━━━ Material to process ━━━

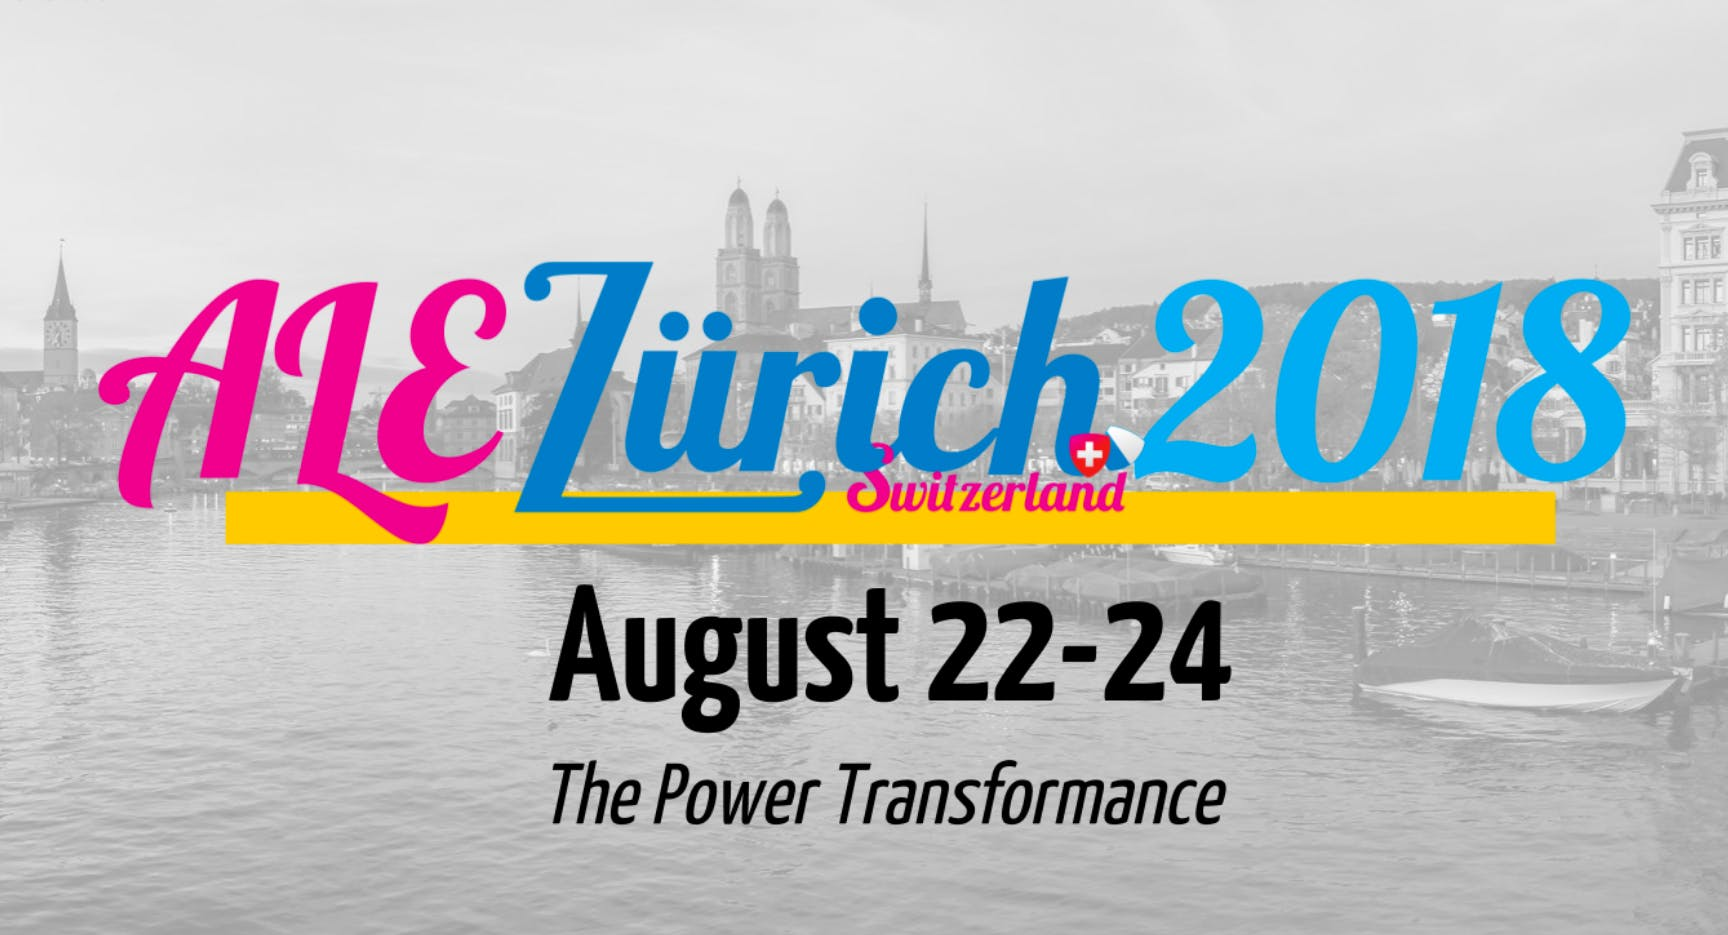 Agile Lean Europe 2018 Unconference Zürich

━━━
━━━ Material to process ━━━

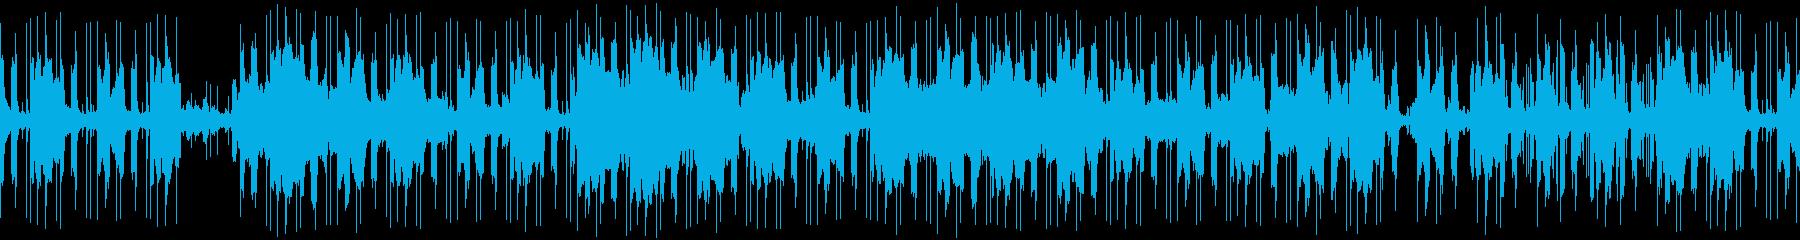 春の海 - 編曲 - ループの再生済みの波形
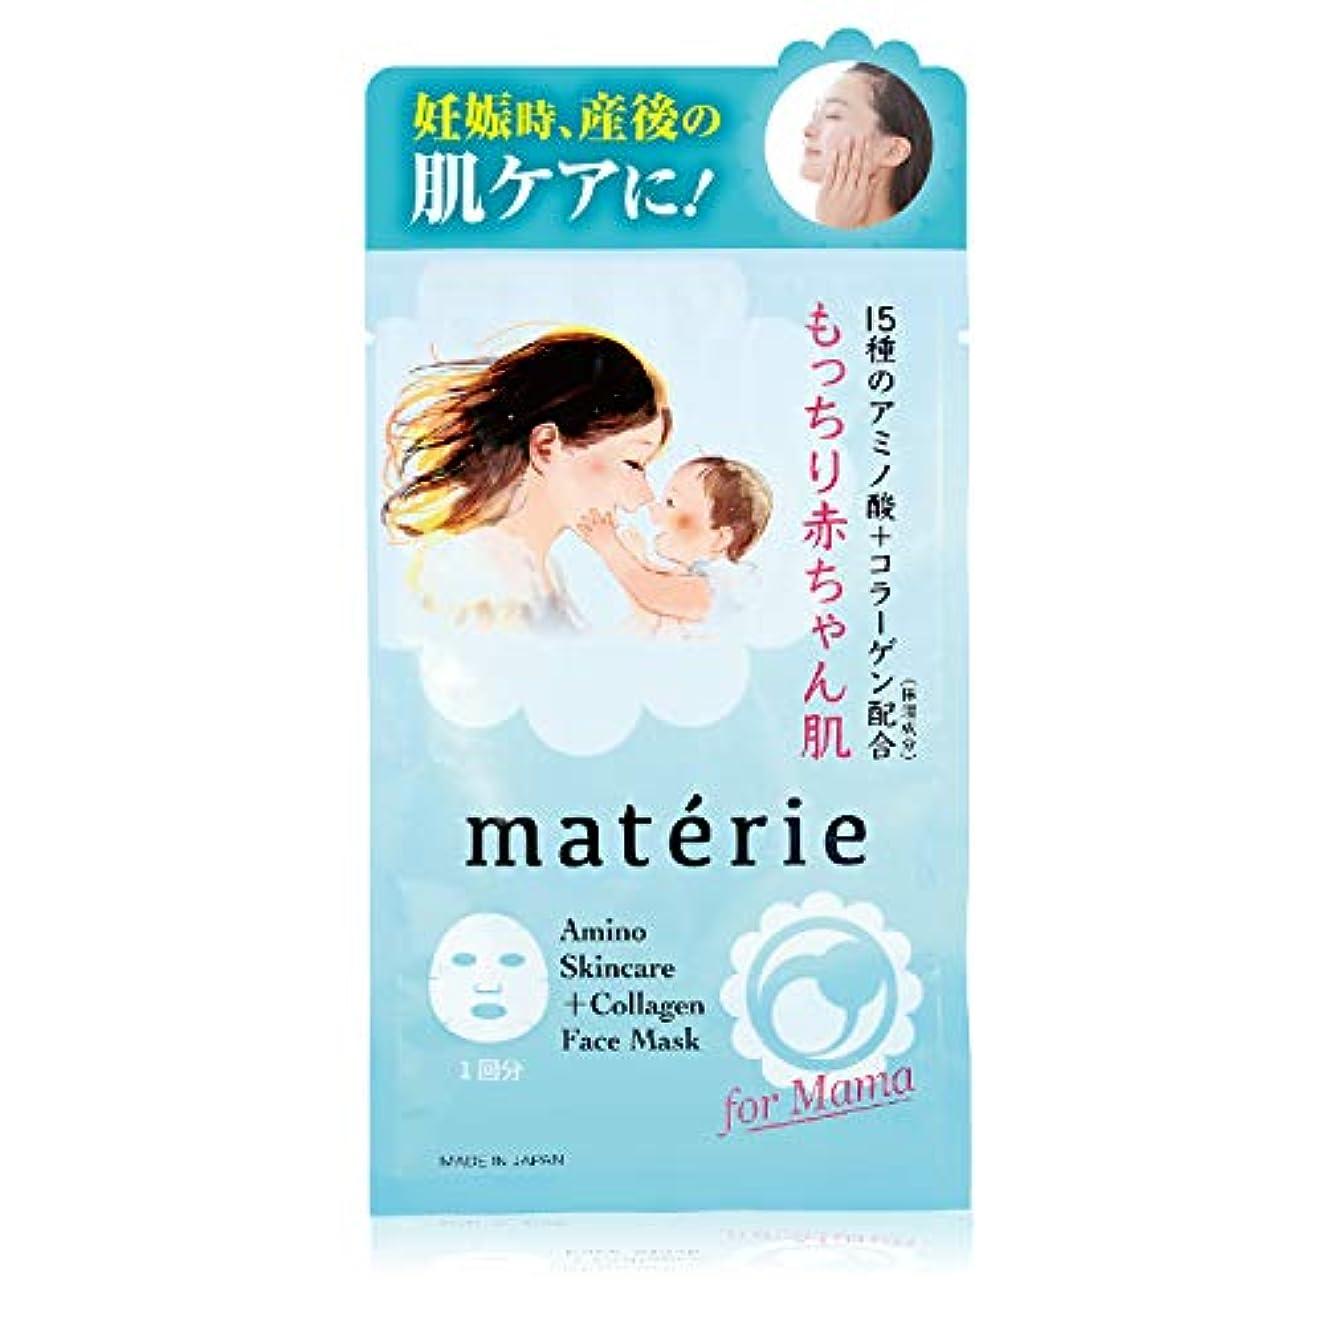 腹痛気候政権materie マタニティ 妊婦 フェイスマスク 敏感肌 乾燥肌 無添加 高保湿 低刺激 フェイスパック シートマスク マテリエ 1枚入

━━━
━━━ Material to process ━━━

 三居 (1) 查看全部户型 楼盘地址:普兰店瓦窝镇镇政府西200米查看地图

━━━

Print nothing except the lines above from the one containing "春の海 - 編曲 - ループの再生済みの波形" down to the one containing "腹痛気候政権materie マタニティ 妊婦", both included, exactly as written and free of pictures.

= Finished exercise =
 春の海 - 編曲 - ループの再生済みの波形
 腹痛気候政権materie マタニティ 妊婦 フェイスマスク 敏感肌 乾燥肌 無添加 高保湿 低刺激 フェイスパック シートマスク マテリエ 1枚入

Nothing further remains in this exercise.